Ирония

Роман Самойлов
            Ни одно окно не горело, только фонарь над помойкой дрожал и рассеивал вокруг себя вибрирующий ядовито-жёлтый свет. В тёмном небе над городом тоскливо горланили птицы, завывание ветра сливалось с плачем летящих на юг невидимых стай. Оглядевшись по сторонам, в подъезд вошли двое: один – крепкий азиат с донкихотской бородкой и округло-узким медвежьим лбом, другой – здоровяк под два метра, с рельефным голым черепом и огромными прозрачными глазищами на страшном, совершенно обезжиренном лице. На азиате была выцветшая комуфляжная куртка и треники "дачные": тёмно-синие, с наполовину отшелушенными лампасами, снизу-сзади обе штанины надорваны – видимо, чтоб надевать, не снимая обуви. Здоровяк же был в чёрных брюках и в чёрной же матерчатой куртке, наглухо застёгнутой; ворот белой рубахи жёстко торчал, как строгий ошейник.

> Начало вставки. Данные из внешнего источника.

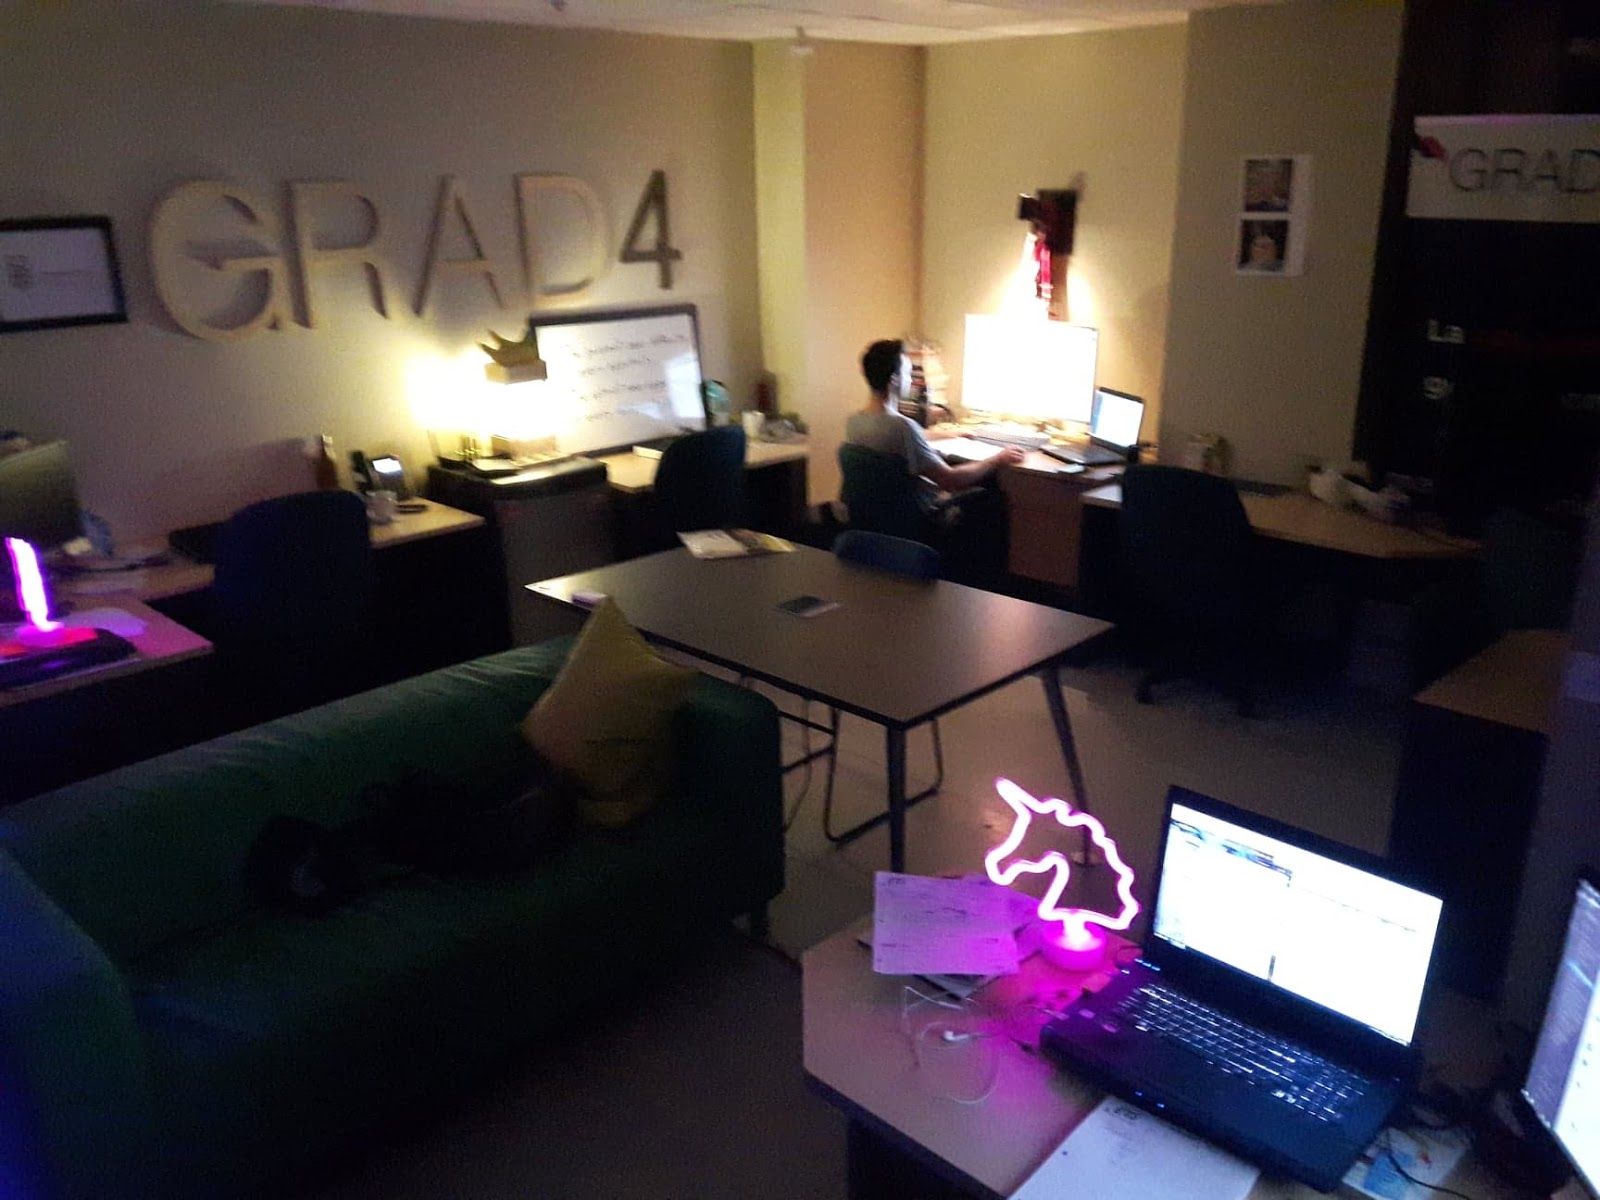 The first office of the company GRAD4 in a basement

            Консьерж дрых, как и было обещано. Спокойно прошли через просторный и светлый холл, увешанный зеркалами. Поднялись лифтом на последний этаж. Азиат достал инструмент. Десять секунд на английский замок, две минуты на дорогой сувальдный. Всё проделал молча, лишь играя глазами да повторяя движения отмычки своим вертлявым блестящим языком – черепастый напарник загляделся даже. Закончив, взломщик сделал пригласительный жест. Обезжиренный посмотрел сурово, из-под мышки вынул ТТ с глушителем. Почти беззвучно дослал патрон в патронник. Из кармана достал фонарик. Азиат тоже. Обезжиренный громила первым осторожно втиснулся в открывшийся за тяжёлой металлической дверью тёмный коридор. Чуть синеватый тонкий  луч фонаря осветил прихожую. Мебель в квартире была готичная: тяжелая, выпуклая, гнетущая. Слепила внезапными зеркалами – зайчики так и бросались в глаза из тьмы, заставляя вздрагивать и слегка шарахаться даже. Тени надувались, трепетали, словно паруса, шмыгали вокруг беззвучным хороводом, раскачивались над головами – казалось, готовые кинуться с потолка, но вместо этого они мягко соскальзывали под ноги и растворялись под каблуками.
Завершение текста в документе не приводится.